I can only speak to two of them: D2(R):
You have an extremely “long-tail” carrot for itemization through the runeword system and this helps the end-game grind by having a tangible thing to chase. One of the primary issues in D4 right now, imo obviously, is on the itemization front. You can have a GG item in your 60s that you’ll likely never upgrade and then you have the uber uniques that have no real chance of dropping so it is hard to grind towards.
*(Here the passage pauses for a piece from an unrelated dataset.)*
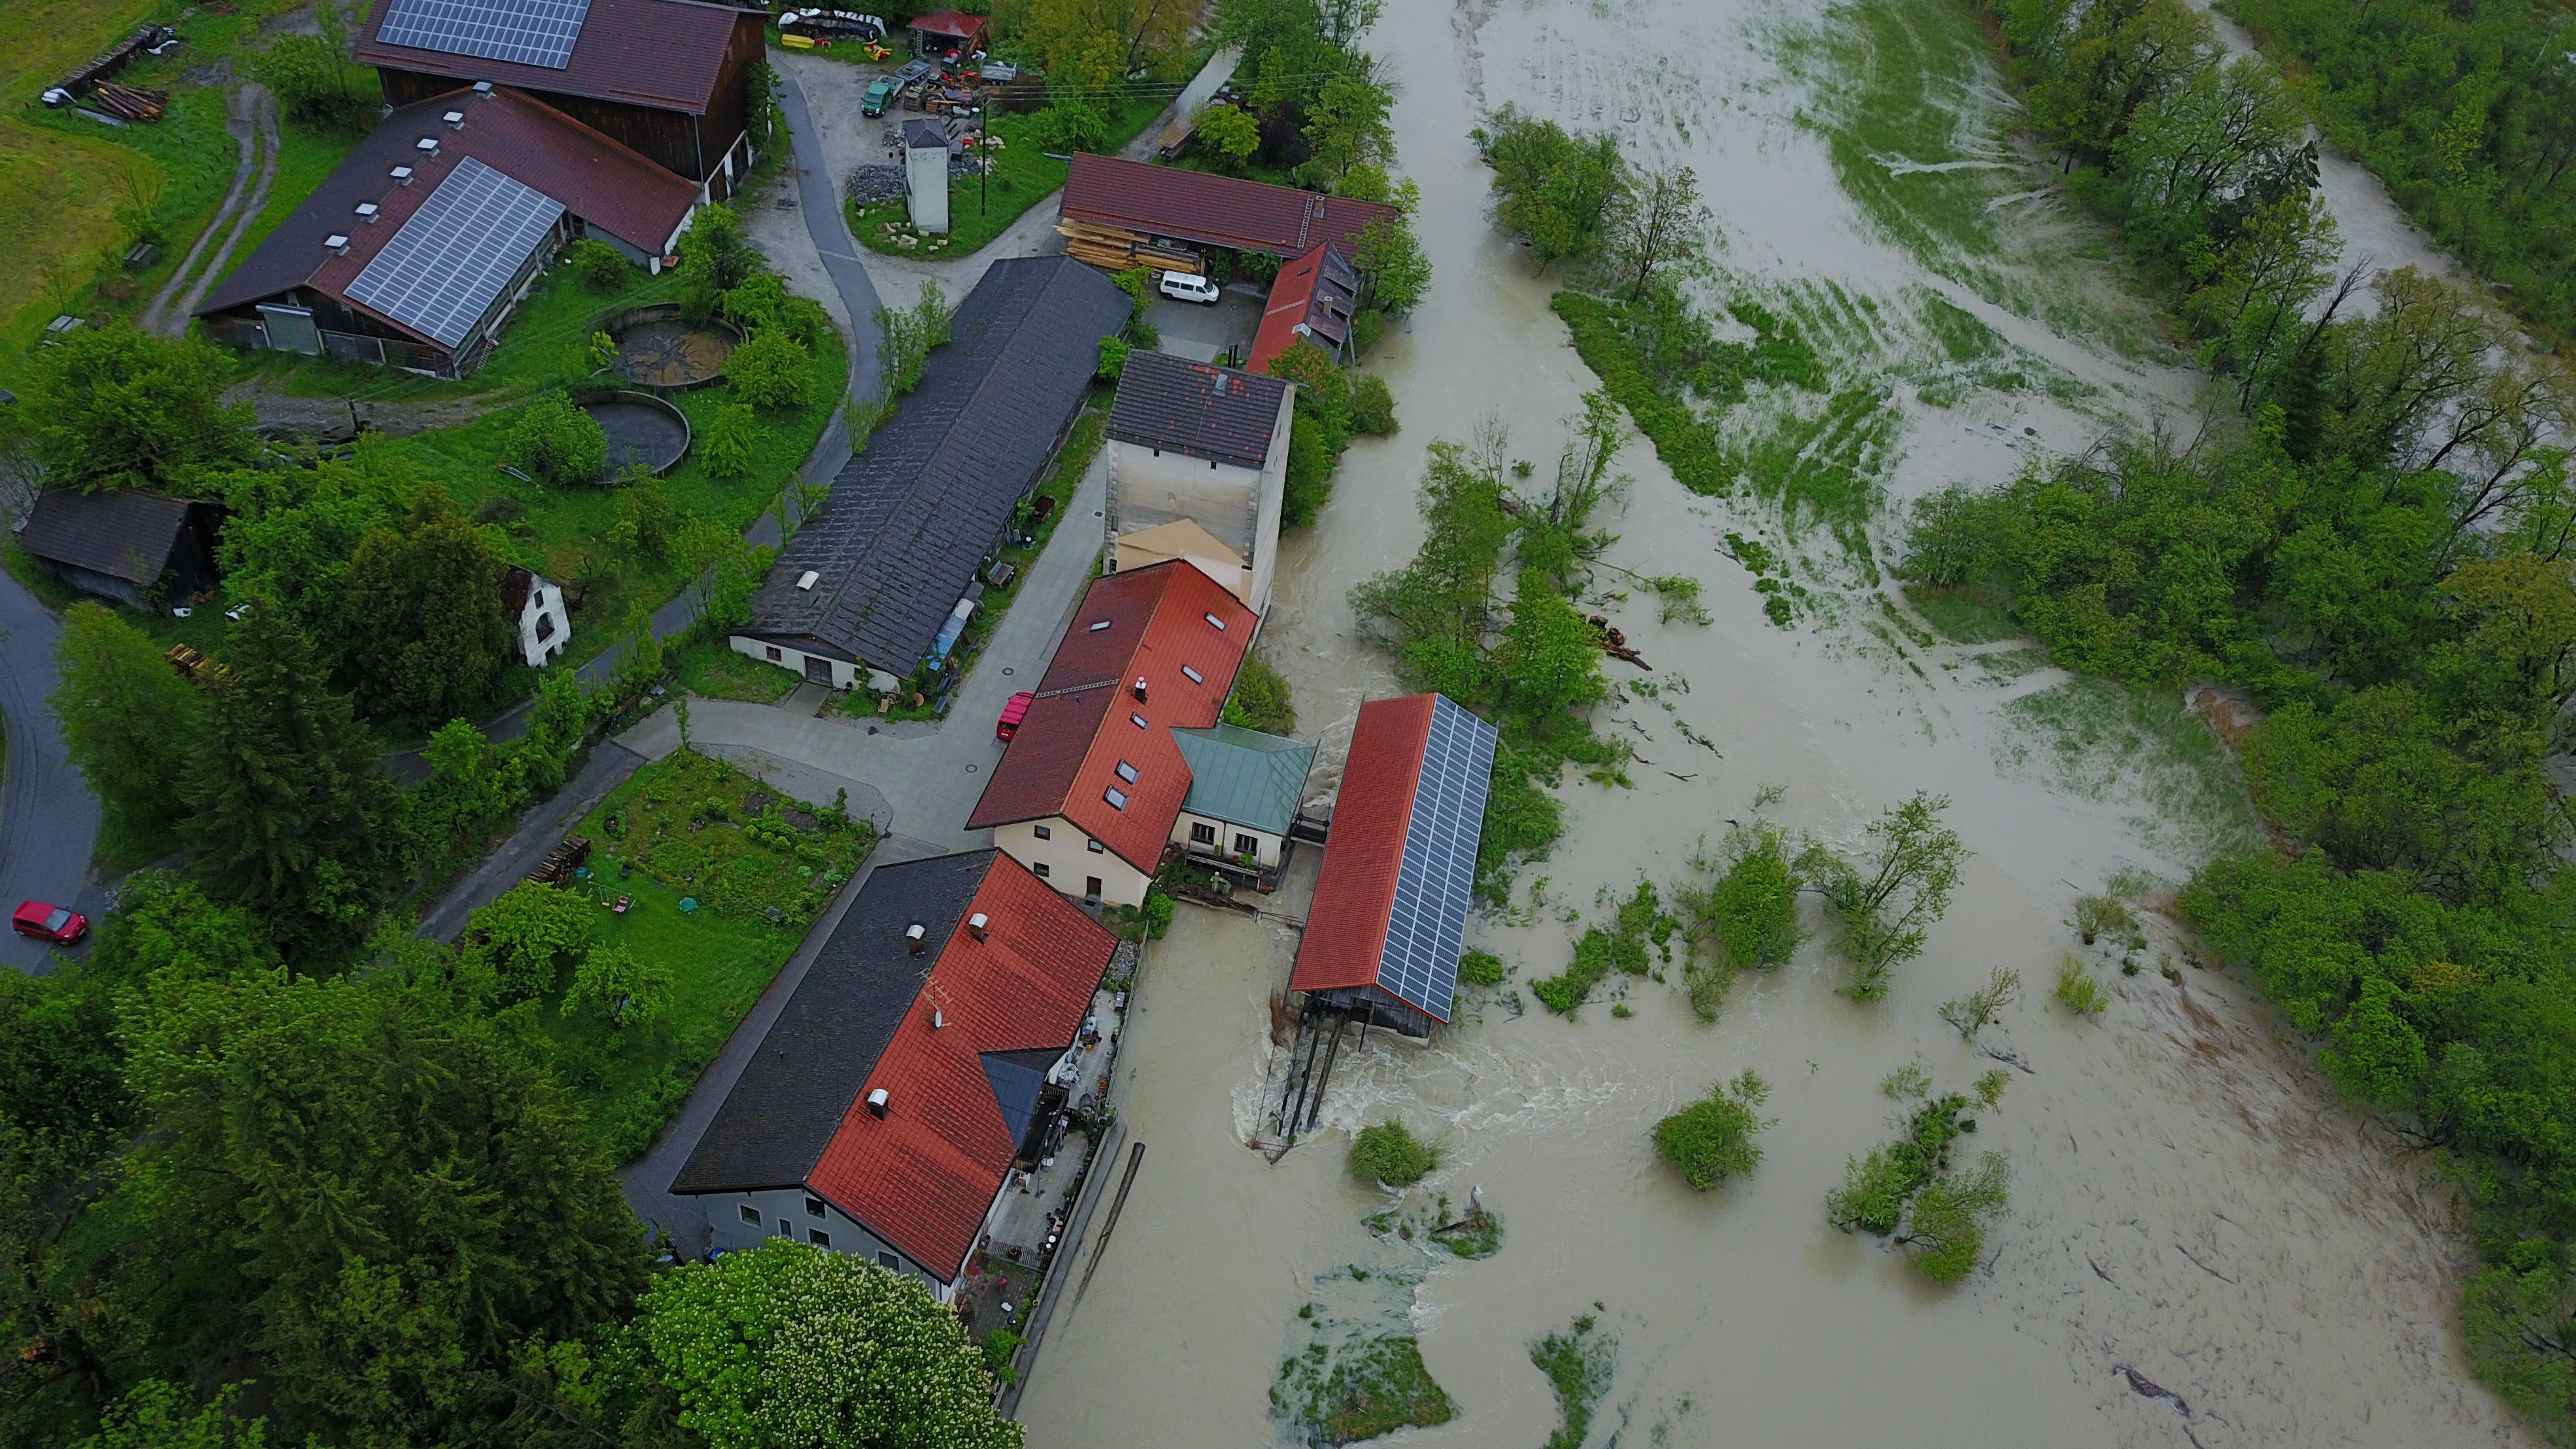 Hochwasser im Mai 2019 in Murnau

D2 provides both some targeted farming potential, which does sound like it is coming ot D4, and a natural progression from mid-tier GG items to end-game GG items that provide a smooth item curve to always be pushing towards.
Grim Dawn:
This game provides a worse item power curve but replaces it with many difficult end-game bosses to work towards. You do have items to chase but I wouldn’t call that curve nearly as smooth as D2’s, it is still good but not as good. The bosses though do provide a decent long-tail goal where you’ll likely tweak itemization to better combat each boss
In terms of stuff to do you are right, D2 doesn’t provide a ton of options and Terror Zones only added so much in D2R. The itemization though provides a decent end-game loop because it feels obtainable unlike Uber Uniques.
Itemization is medicore at best. It works. What I hate is the fact that I got Tempest Roar at level 60 and never gotten another one until level 95. Loot RNG is stupid. “Smart loot” makes everything worse. I never found a piece of gear with four desiable affixes. Alway have to reroll the affix. Blizzard design gacha loot.
number of reported drops compared to the number of players and hours playing make those items completely irrelevant from the gameplay perspective, and completely pointless as a goal for yourself
I would start with basics, what makes an ARPG good ARPG.
Good itemization
Good trading and wealth hoarding options
Good goal to work for
Good skill tree, not one spell of each for each spell bracket
Good servers // Offline mode
Barely. It’s like the front half of the ship crashing into the runway in Star Wars Episode 3 - technically we survived the landing but it was a mess.
It’s confusing because it wouldn’t take much to make it better. A bit more player agency and item power scaling based on the content completed would go a long way.
The bones of the system are there and solid but the muscles are a stitched together abomination.